Sunday, March 19, 2006

A Dracula allusion in Dreams of the Witch House?

"But such naïve reports could mean very little, and Gilman let the cheap metal crucifix hang idly from a knob on his host's dresser."

Compare this to a few paragraphs of Dracula*.

She then rose and dried her eyes, and taking a crucifix from her neck
offered it to me.

I did not know what to do, for, as an English Churchman, I have
been taught to regard such things as in some measure idolatrous,
and yet it seemed so ungracious to refuse an old lady meaning
so well and in such a state of mind.

She saw, I suppose, the doubt in my face, for she put
the rosary round my neck and said, "For your mother's sake,"
and went out of the room.

I am writing up this part of the diary whilst I am waiting for the coach,
which is, of course, late; and the crucifix is still round my neck.

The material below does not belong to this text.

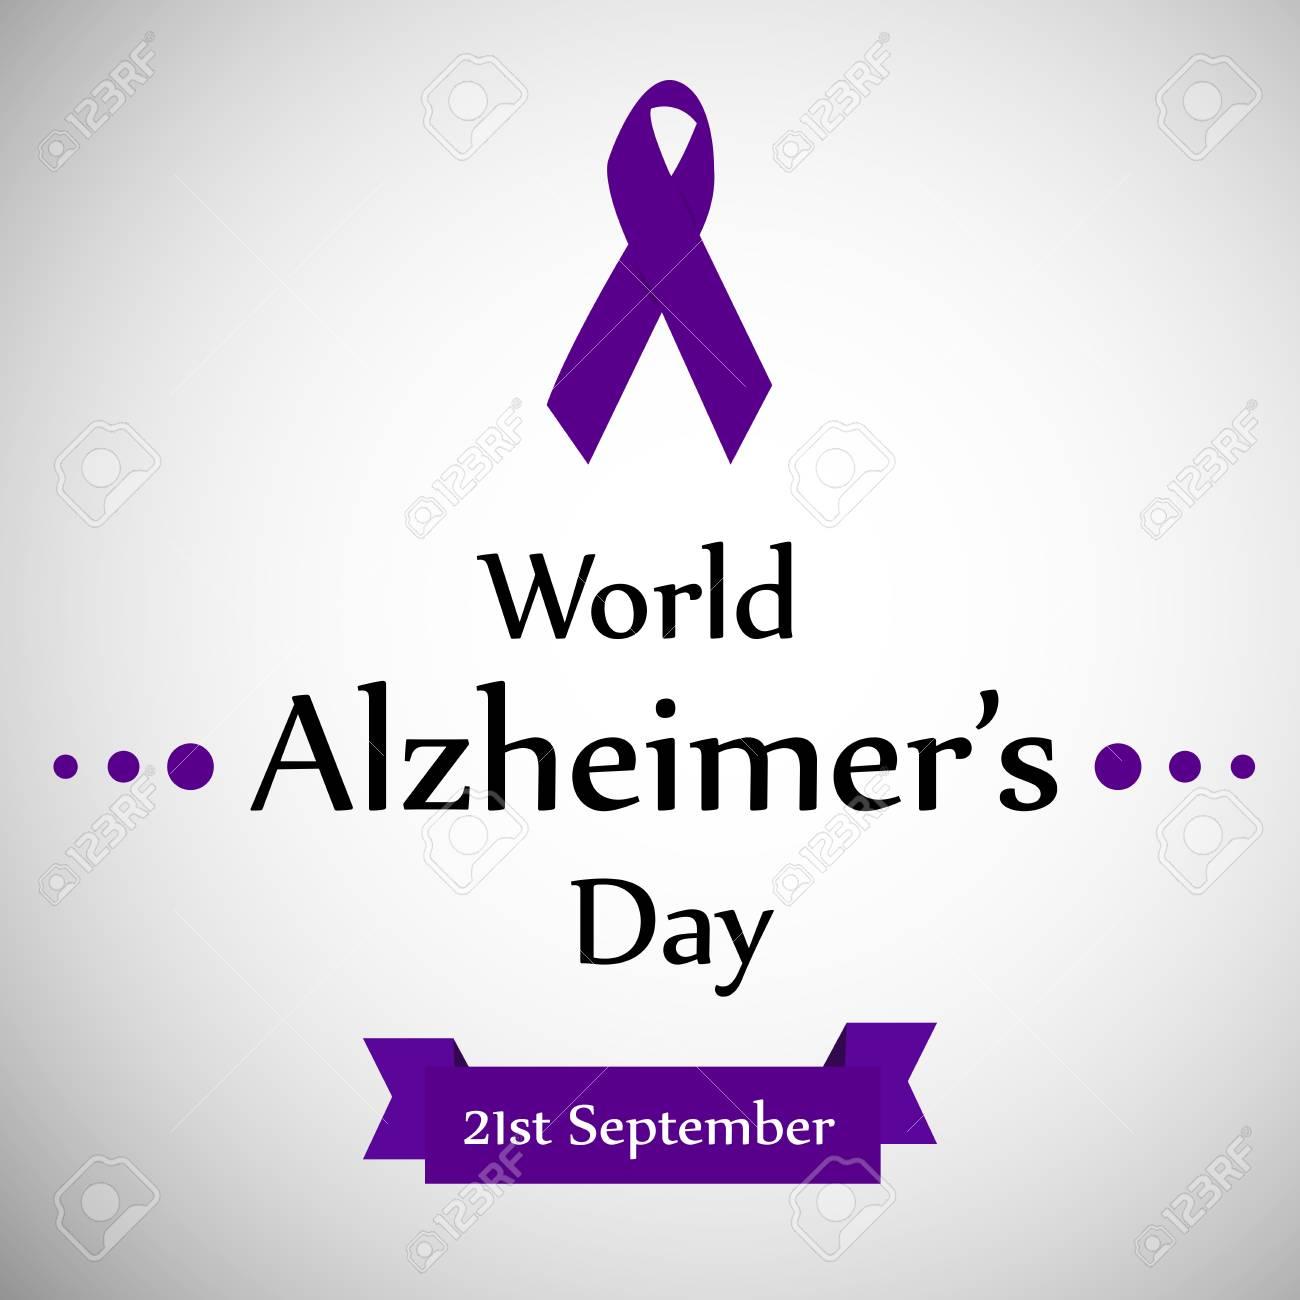 વિશ્વ અલ્ઝાઇમર દિવસ જાણો તેના લક્ષણો, સારવાર અને બચાવ
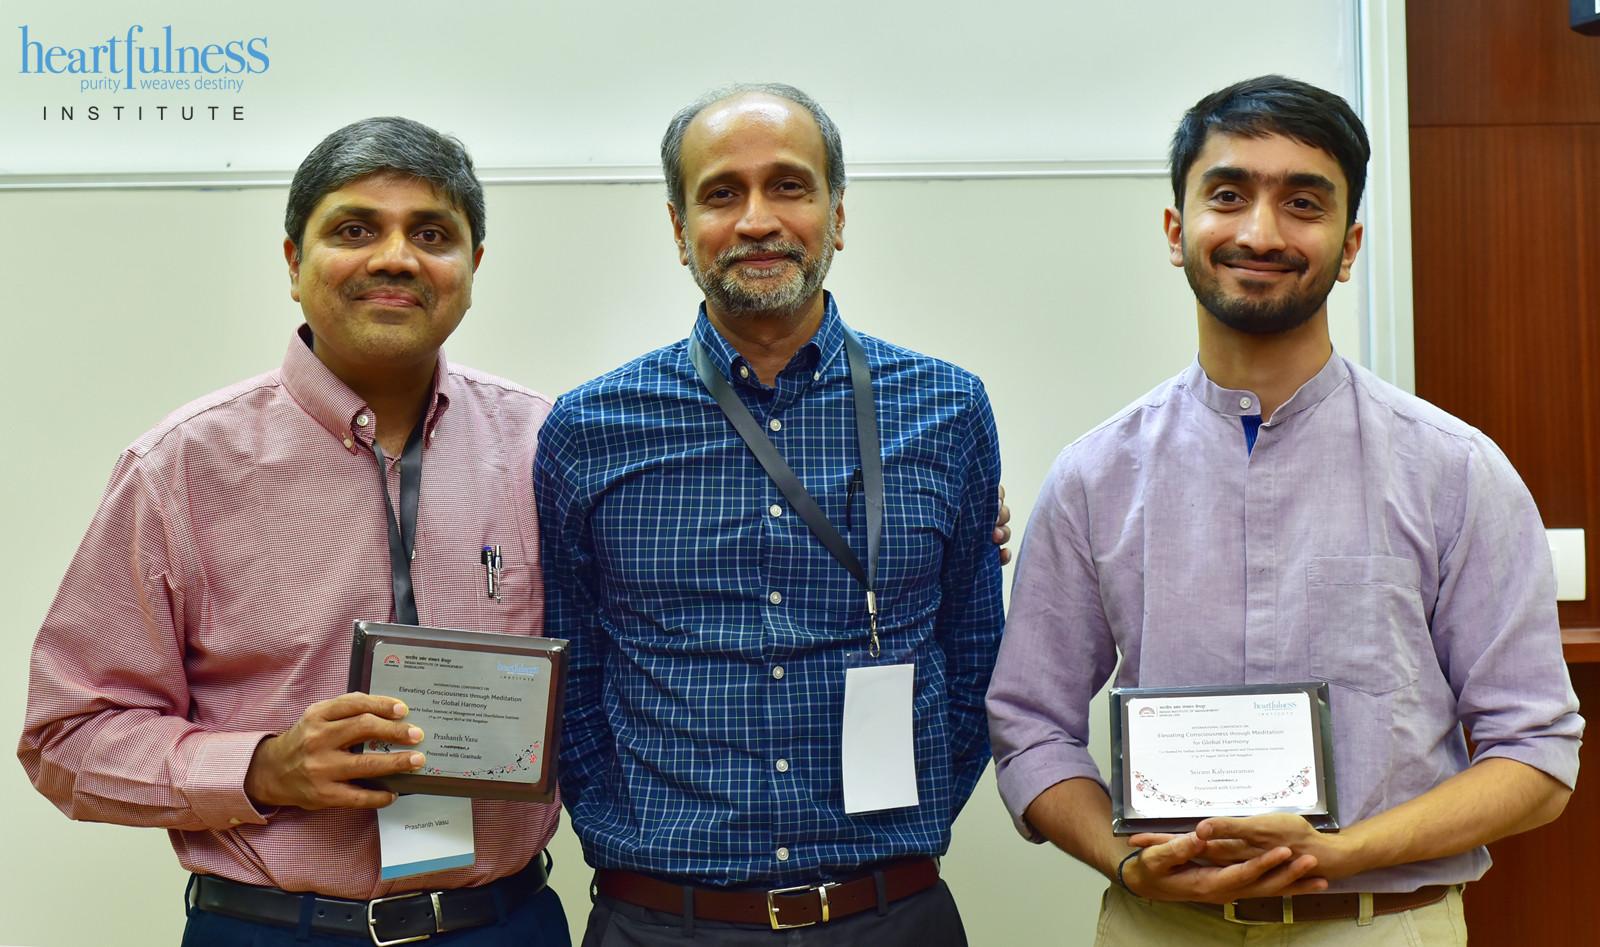 Prashanth Vasu, Tushar Pradhan and Sriram Kalyanaraman

Whether it is the old lady's fear, or the many ghostly
traditions of this place, or the crucifix itself, I do not know,
but I am not feeling nearly as easy in my mind as usual.

And, in chapter 3:

"What meant the giving of the crucifix, of the garlic, of the wild rose, of the mountain ash? Bless that good, good woman who hung the crucifix round my neck! For it is a comfort and a strength to me whenever I touch it. It is odd that a thing which I have been taught to regard with disfavour and as idolatrous should in a time of loneliness and trouble be of help."

* One cannot think of vampires without Stoker. And Stoker's other claim was his homage to J S LeFanu and the Judge (Harbottle) who turned into a rat.